# Anyone:  picture of MOLD on BUD??



## MrPuffAlot (Jul 12, 2007)

Reading the harvest/curing section how to's.
You see alot about Mold.

Im curious what it looks like.  

And know what to look for, when time comes to harvest.

:hubba:


----------



## Mutt (Jul 12, 2007)

grey Mold when growing
http://www.marijuanapassion.com/forum/showthread.php?t=1540&highlight=grey

outdoor mold after harvest before trimming.
http://www.marijuanapassion.com/forum/showthread.php?t=807&highlight=grey

hope this helps.


----------



## MrPuffAlot (Jul 12, 2007)

Mental note:

Do not smoke any more cigs in my grow room.

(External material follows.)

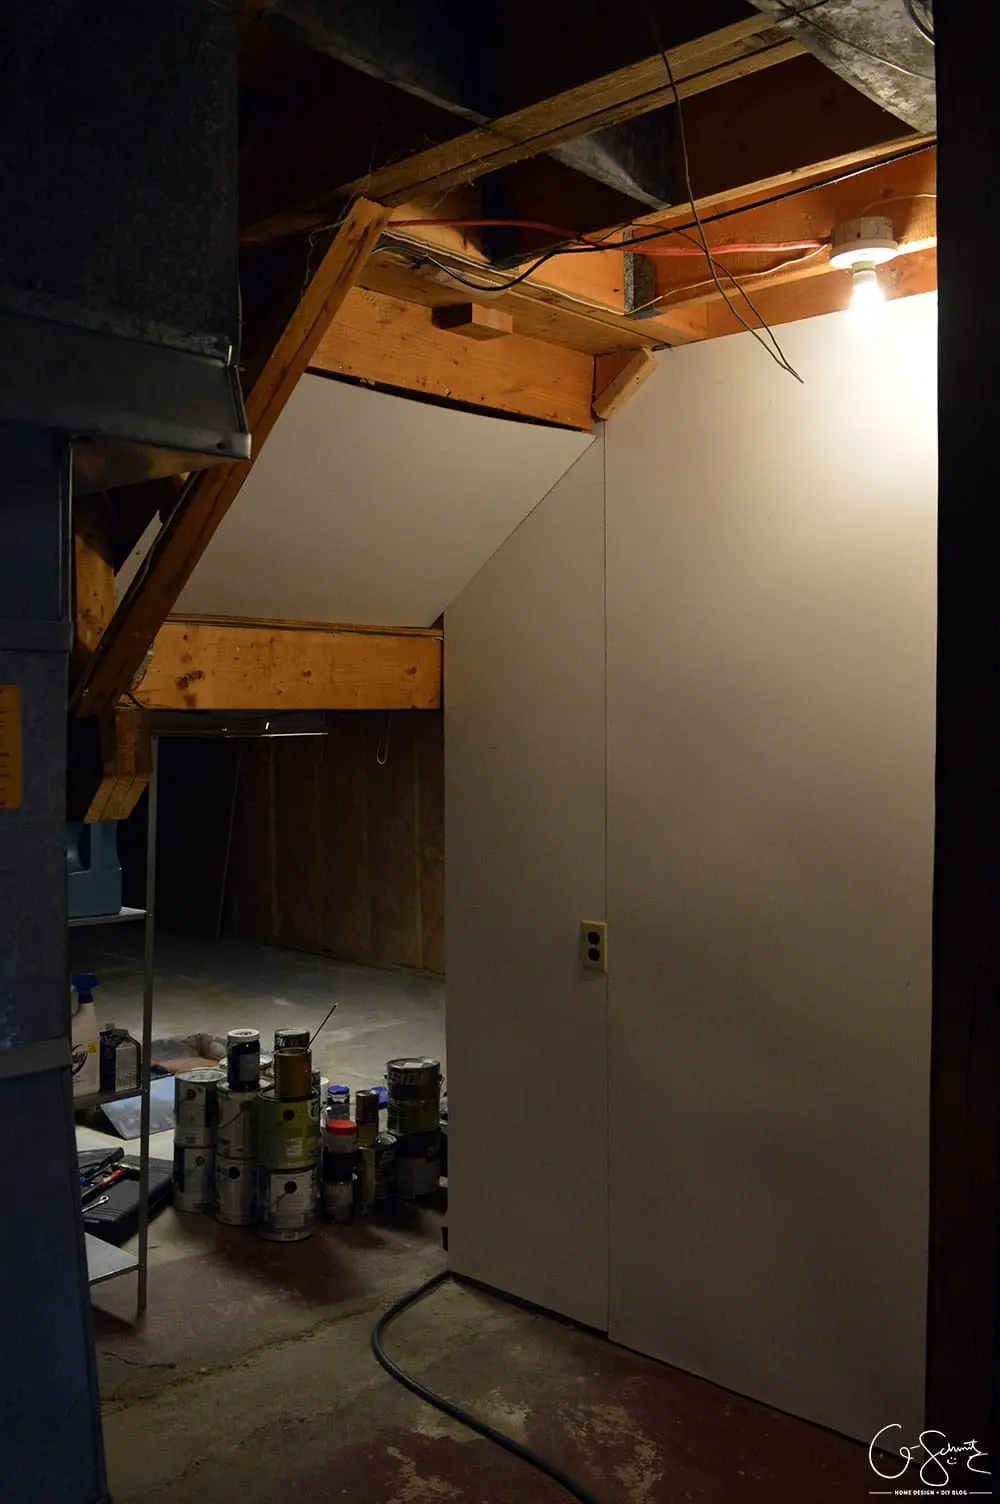 Cleaning the basement and prepping for ORC (one room challenge) has got me excited to share with you all the plans I have for the space (next week!).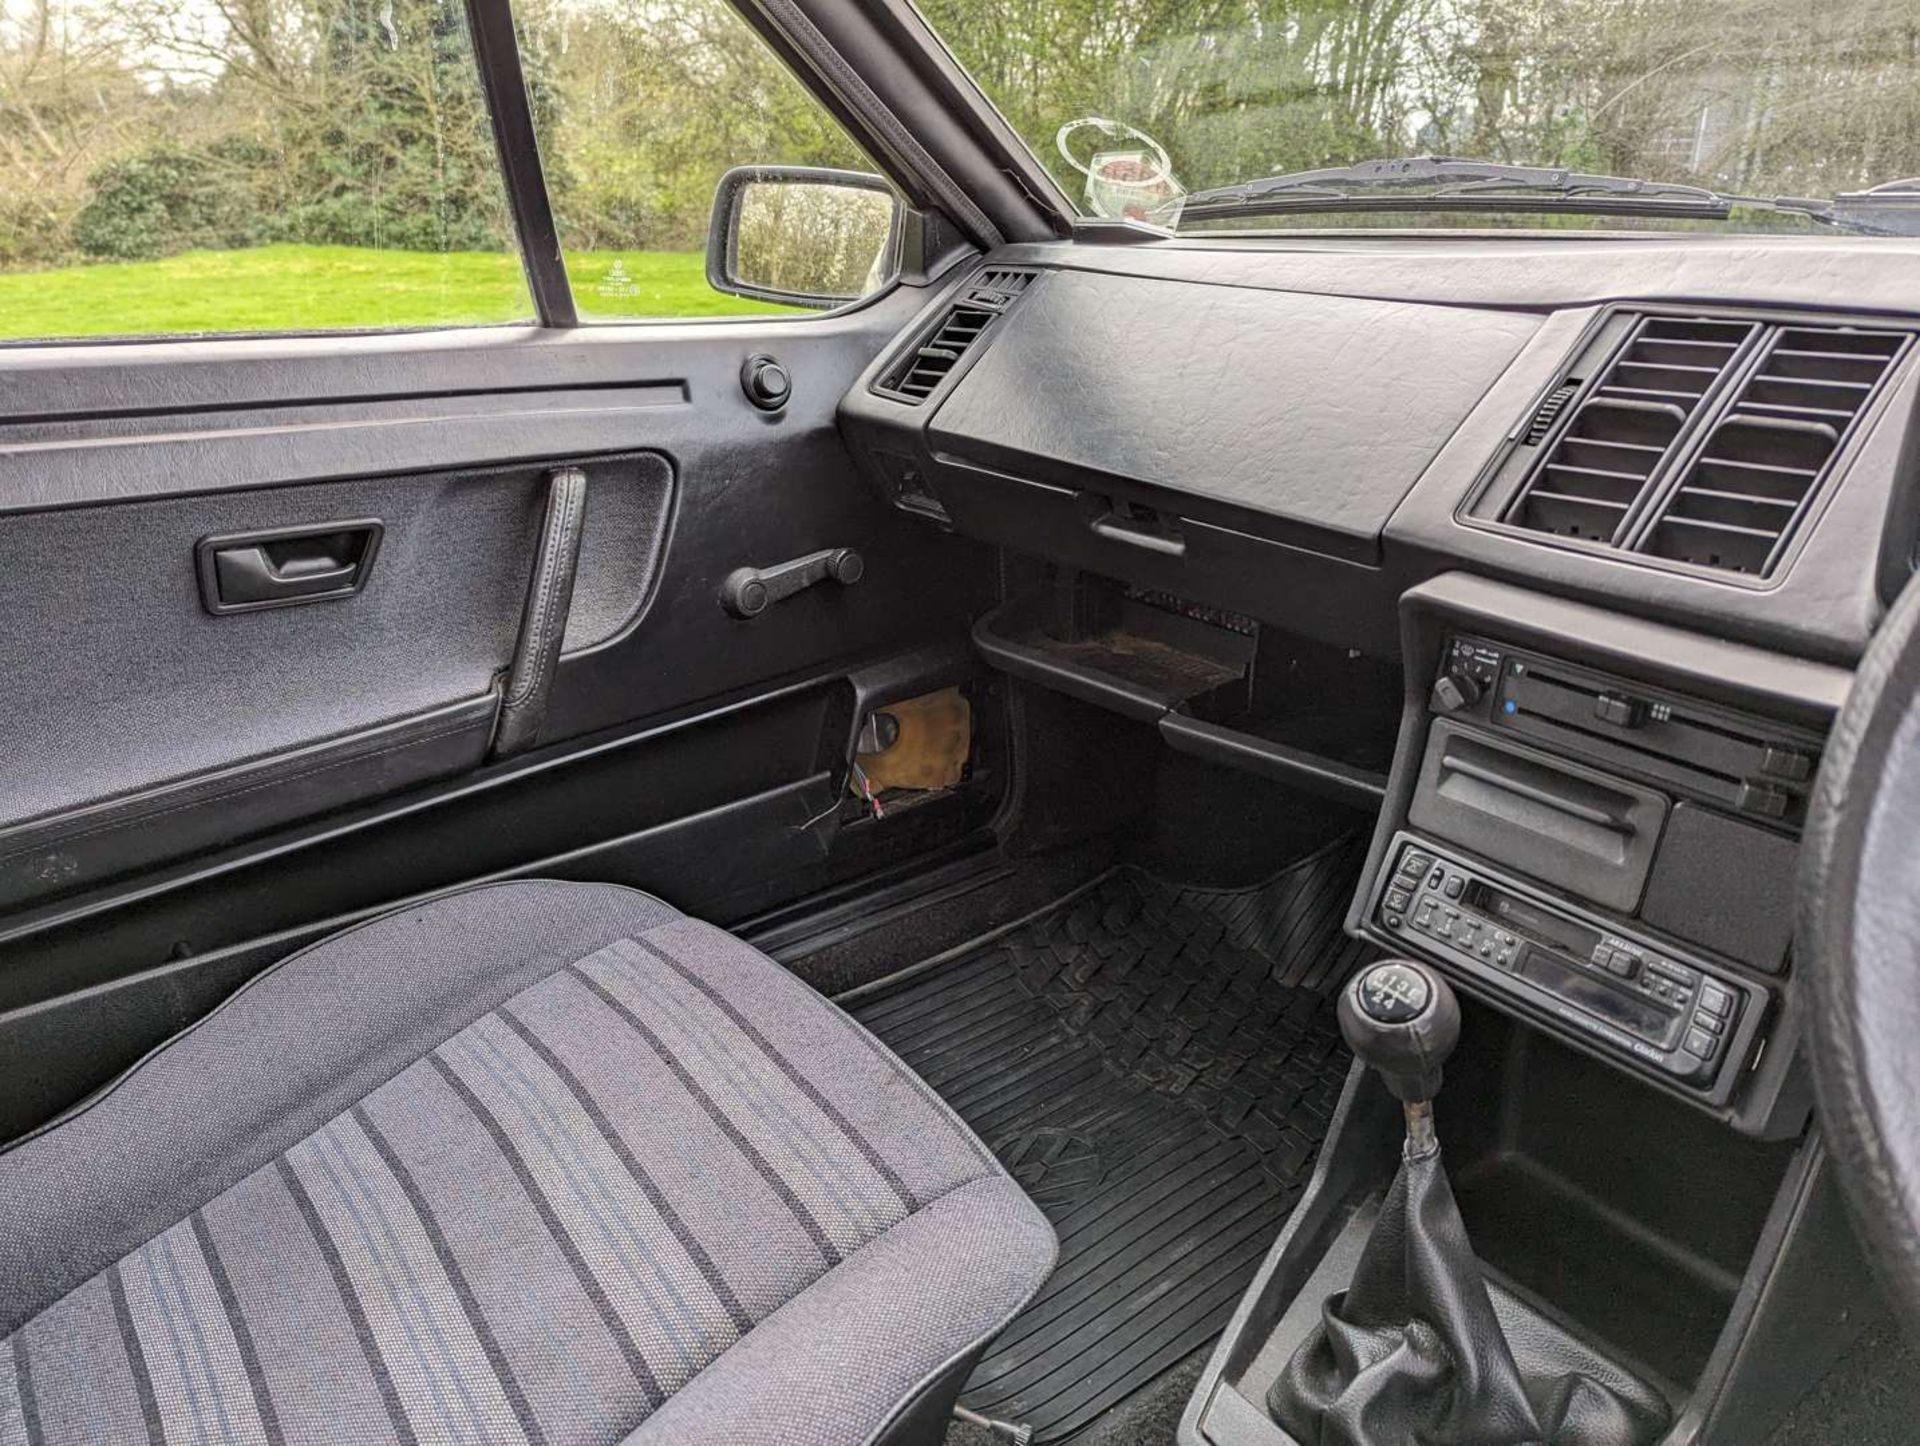 1987 VW SCIROCCO GT - Image 20 of 28

Do not take any cigarettes into the grow room.

Wash my hands after smoking a cig, before I enter the grow room.

THanks MUTT


----------



## Growdude (Jul 13, 2007)

MrPuffAlot said:
			
		

> Reading the harvest/curing section how to's.
> You see alot about Mold.
> 
> Im curious what it looks like.
> ...


 
I have found that you need too pull open the big buds and look inside them, both while growing and when you start curing.

The mold will start growing inside where you cant see it.


----------



## 420check420 (Jul 13, 2007)

that second link isint mold, its a naaaasty case of black scale... the friggin plague :S


----------